I sorted out which t-shirts will go on over the cast this morning, and there's more than I hoped, so I can just layer up t-shirts for torso warmth. The next layer up is a headache, though. One of my tops (the Sigur Ros hoodie I ordered that was two sizes too big) can be worn one-sleeve, Napolean style, but even that won't do up across the front. Also it looks... strange in profile. Like a huge mutant bosom. I had odd memories of having seen female friends wearing cardigans with wrappy bits, bat wings and half sleeves, though, so I nipped into Primark on the way to my Doctor*'s with high hopes. Alas, all the unusually-shaped knitwear was the colour of muesli and tears (presumably some purchaser's overreaction to the credit crunch), making their saggy racks of swags, frills and fiddly buttons look even more piteous and idiotic. Little Orphan Annie with her problem places covered with distracting frills she couldn't afford to dye.

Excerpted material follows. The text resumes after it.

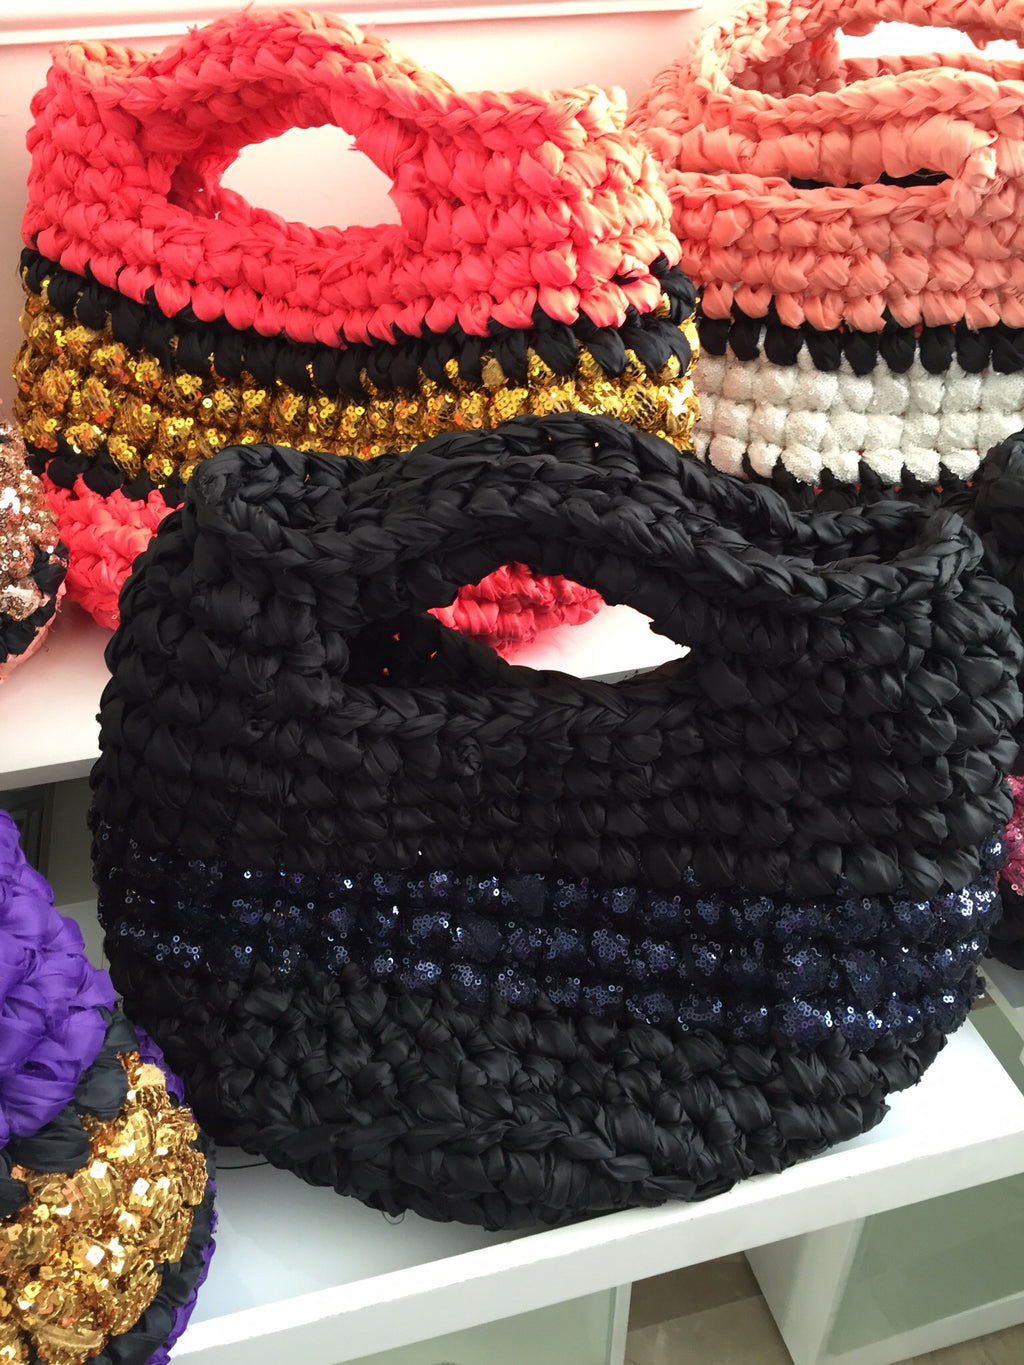 Crochet bag, glitter sequence.

Back-up plan, then; goth arm warmers. Tiger Lily had replaced theirs with corset gloves, so I resorted to Claire's, eventually came out with a pair of sparkly children's legwarmers, long grey woollen fingerless gloves (more credit crunch chic I suppose) and tattoo sleeves. Yes, tattoo sleeves. Now I know it's the 80s.
I may be looking a little odd for the next month or so.
*Who gave me some trendy NSAIDs for the pain and a four-week sick note.